Following its reveal all the way back at E3 2013, I was excited to try out Capybara’s Below when it launched on PC and Xbox One back in December 2018.
To make it even better, it was free for Game Pass subscribers from the day it released, so I jumped in to give it a try, expecting to love it.
I didn’t though.
It wasn’t because of its overall difficulty, the way it refuses to explain anything you see or do as you descend into the mountain’s depths, nor was it due to the unrelenting darkness of the world.
Instead, it was the way that a few of the game’s mechanics seemed to have no purpose other than to annoy players under the guise of difficulty and complexity.
Hidden insta-death spikes, hunger and thirst meters to keep track of, and the lack of a save system of any kind seemed like unnecessary features that only served to distract players from the atmospheric world and exploration-led progression that were the meat of Below.
Managing hunger and thirst in survival games can be frustrating at the best of times, with you having to juggle and survive in-game threats at the same time as ones that just manifest as time passes.
With it being so easy to get lost in Below’s mysterious dungeons, the combat being tricky, and you having to start again when you die, the fact that Below didn’t explain how to even manage your hunger meant you’d spend a while just trying to work out even how to die a little later.
It made Below feel like an unfair slog. After a couple of hours, I’d had enough.
Coming alongside the game’s release on PlayStation 4, Below now has an Explore Mode though. The standard mode is still there as Survival Mode, hunger meters and all, but the changes that Explore Mode promised made me want to give Capybara’s game another try, and I’m glad I did.
Explore Mode does a lot to alleviate the frustrations I initially had, without negating the challenge it presents nor reducing the impact of the dark and mysterious setting.
In fact, it’s quite the opposite.
The new mode actually allows you to focus on everything that Below does well, turning it into the game I hoped it would be when I first jumped in in 2018.

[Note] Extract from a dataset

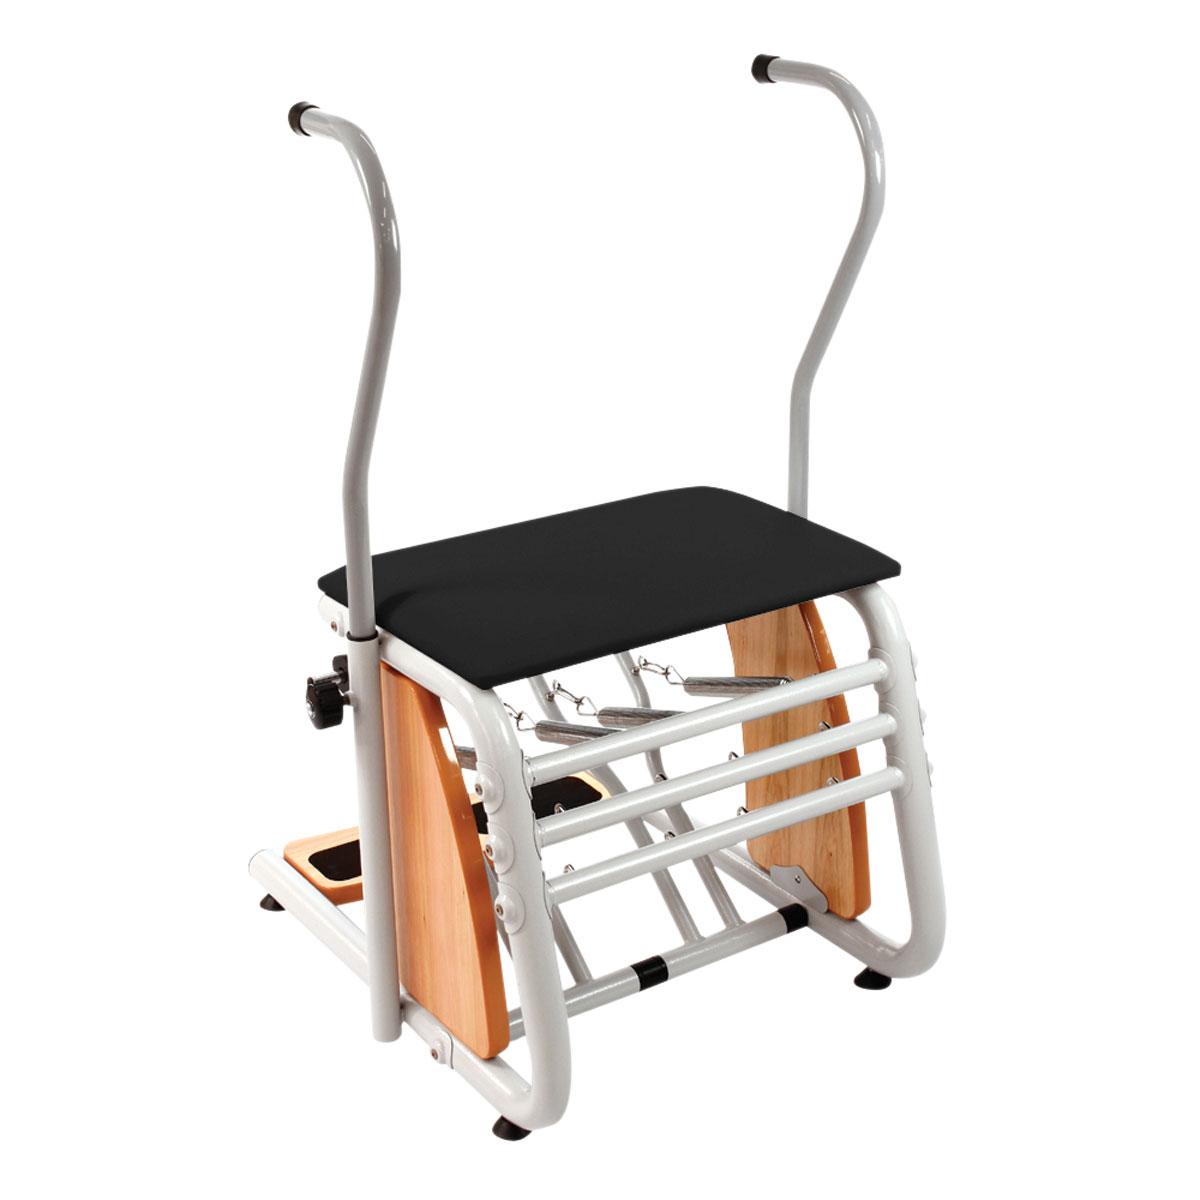 chair stool combo dining room covers amazon uk stark pilates 3b scientific w15401

What Explore Mode does, in essence, is simplify things. The health and thirst meters are completely gone, without removing the food crafting processes that restore health; all damage is bleed damage, which means you can get it back if you’re quick enough with bandages, and there are no one-hit deaths to end a run in an instant.
Those are just three of the main changes in a list of alterations to how surviving works in Below’s new mode.
Changing those things alone makes the game a lot more enjoyable. You can now take your time to explore the vastly different levels of the world, patiently trying to learn about the new traps and enemies you’re encountering.
Below promotes exploration, giving you doors you can’t open yet and multiple paths at almost every opportunity. Originally, taking up those chances put you at risk because more time spend exploring meant more time without food, and ultimately, death.
It’s a world I want to explore though. Capybara Games has designed a rich and atmospheric setting that changes all the time. The darkness ensures you’re creeping into every new room, wary of what’s waiting there for you and hoping you’re approaching safety.
It’s a gorgeous world too. The opening cutscene and the initial climb to the descent is stunning and the swirling mist that envelops every room keeps you on your toes.
Without having to worry about and juggle status effects, Explore Mode allows you to actually appreciate the design. My concern was transferred to what I was actually about to see in the next room, and not on something I had little control over, which is a huge improvement.
Don’t worry about it making Below easy either, because it doesn’t. You still have to start again if you die; you still have limited health, and you still need to learn everything yourself, from crafting to what every item actually does.
You’ll still be scratching your head at what the potato you just picked up does and wondering what you’ll get is you combine this bit of fuzz, a stick, and some hide you’re sliced off a blue frog you’ve found bouncing around one of the procedurally generated rooms.
Below doesn’t hand-hold at all, putting progression and improvement solely in your hands, Explore Mode just reduces the challenge to the interesting components, elevating the rest of the game. After all, Survive Mode is still there if you want the pure, unadulterated experience.
For me though, Explore Mode is a huge improvement and the game I hoped I was about to play 18 months ago.
Below is now a game to be enjoyed, not feared.